=== Task material ===
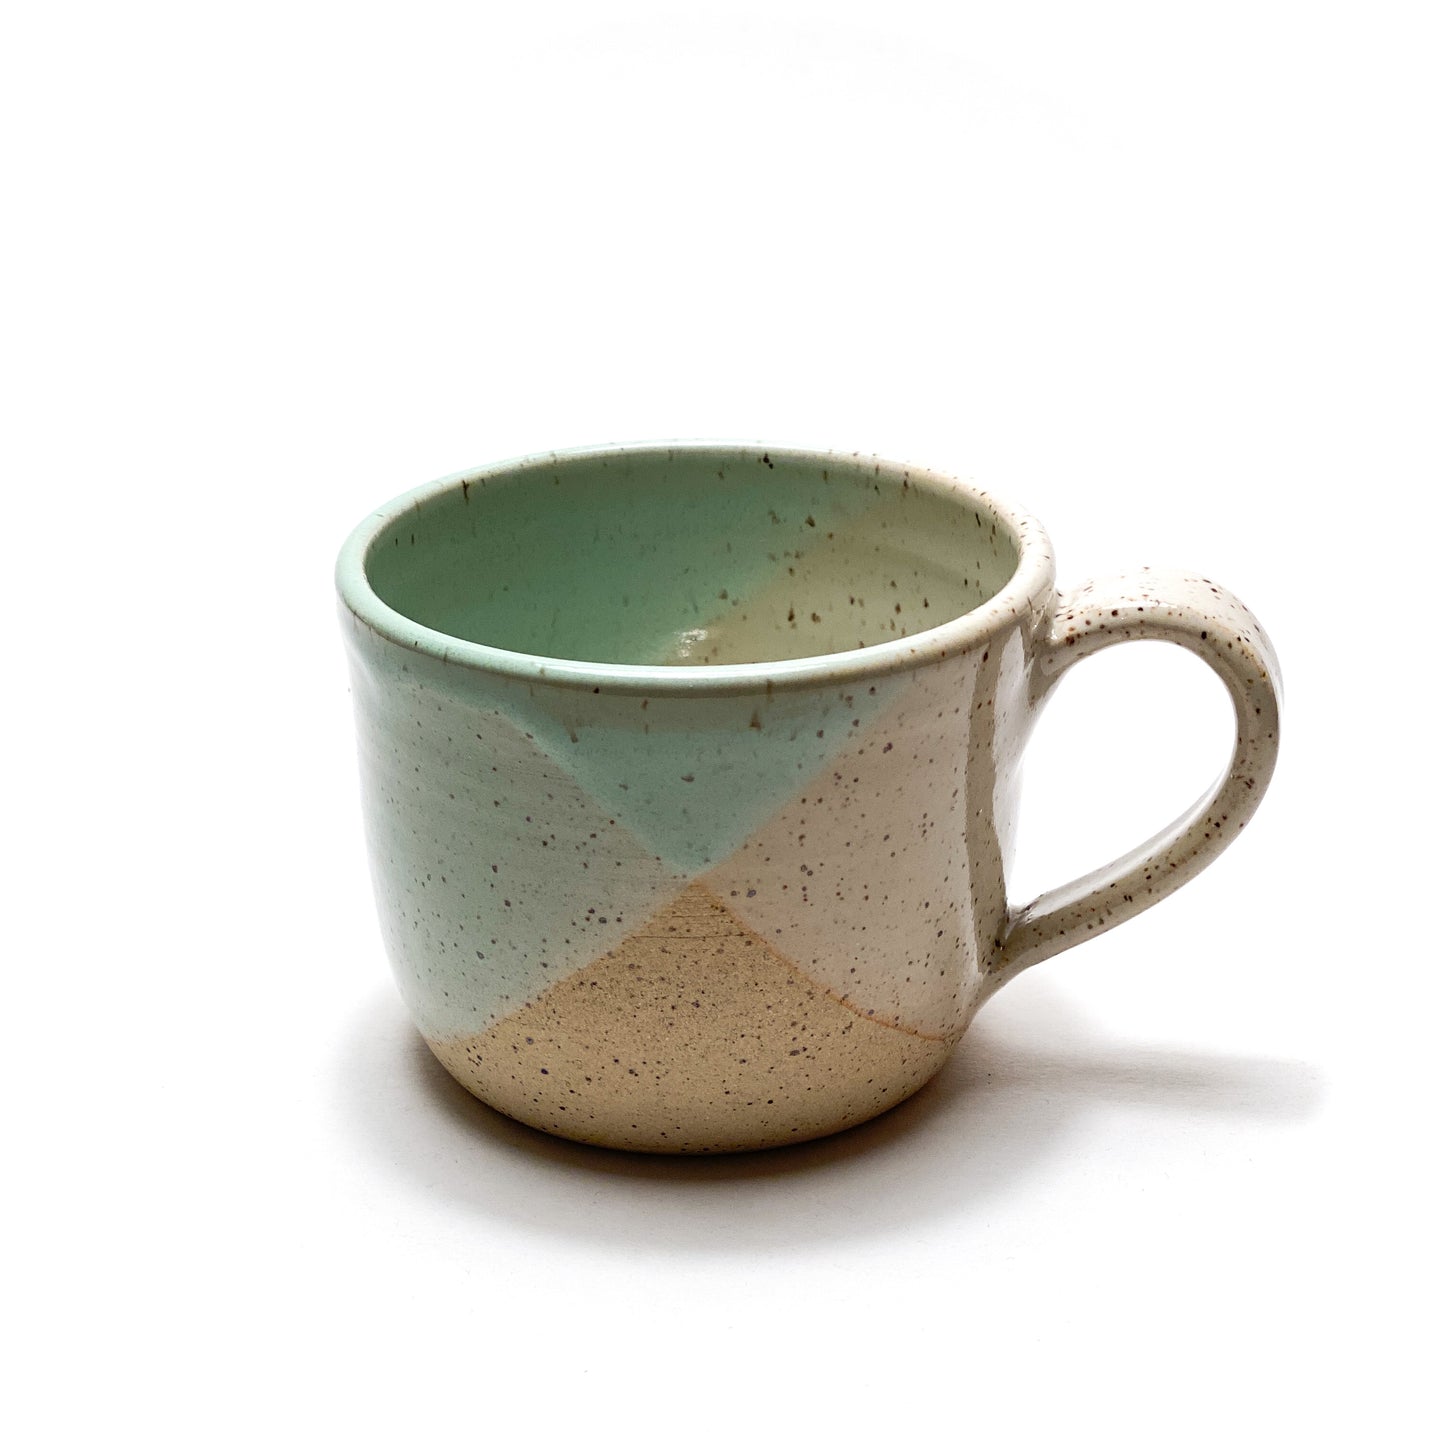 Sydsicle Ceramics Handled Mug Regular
===
=== Task material ===
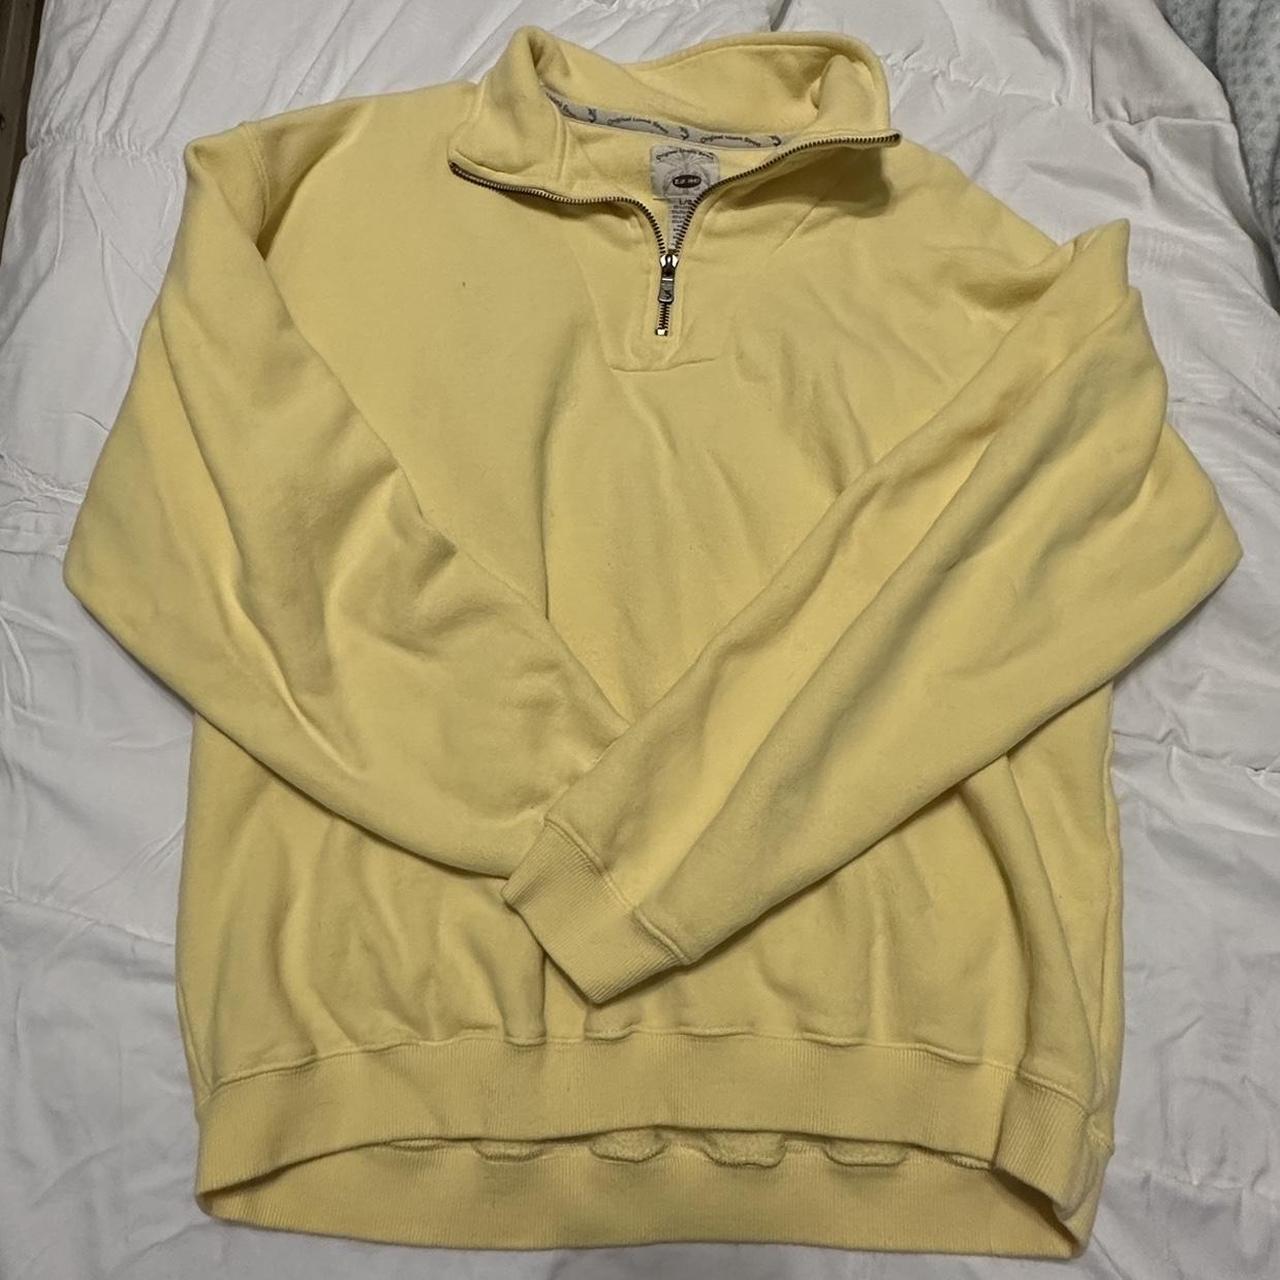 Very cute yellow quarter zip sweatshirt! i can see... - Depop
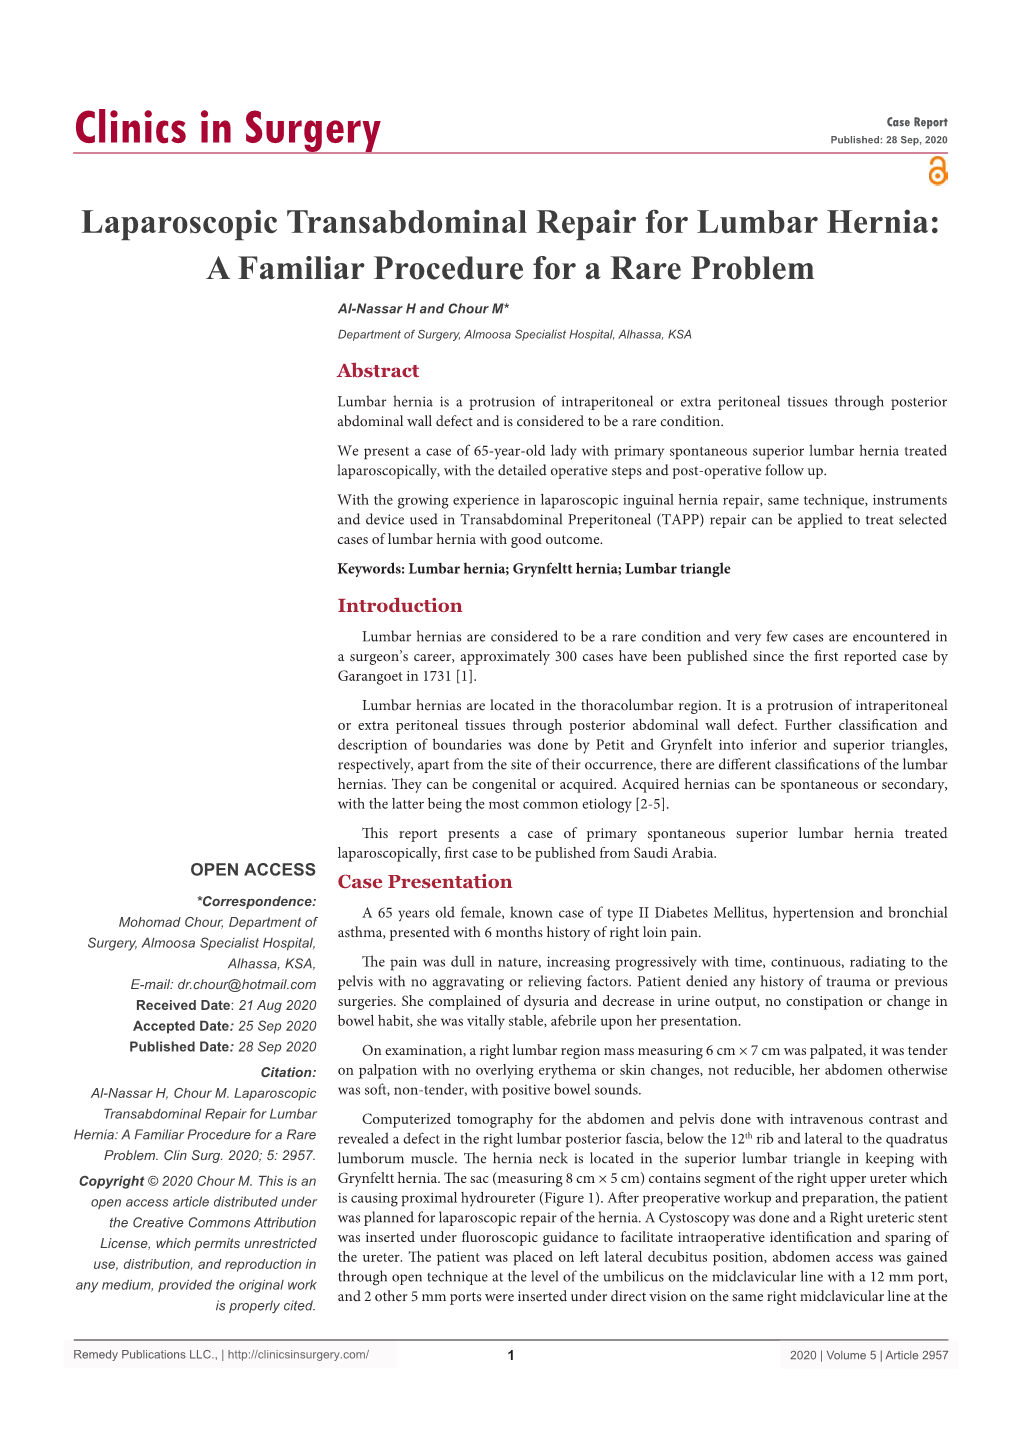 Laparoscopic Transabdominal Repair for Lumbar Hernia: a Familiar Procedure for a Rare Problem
===
Problem requirements
Once the line with "Very cute yellow" is found in the data above, reproduce it and each line after it exactly, through the line with "Laparoscopic Transabdominal Repair". Omit the pictures.

Output for this task
 Very cute yellow quarter zip sweatshirt! i can see... - Depop
 Laparoscopic Transabdominal Repair for Lumbar Hernia: a Familiar Procedure for a Rare Problem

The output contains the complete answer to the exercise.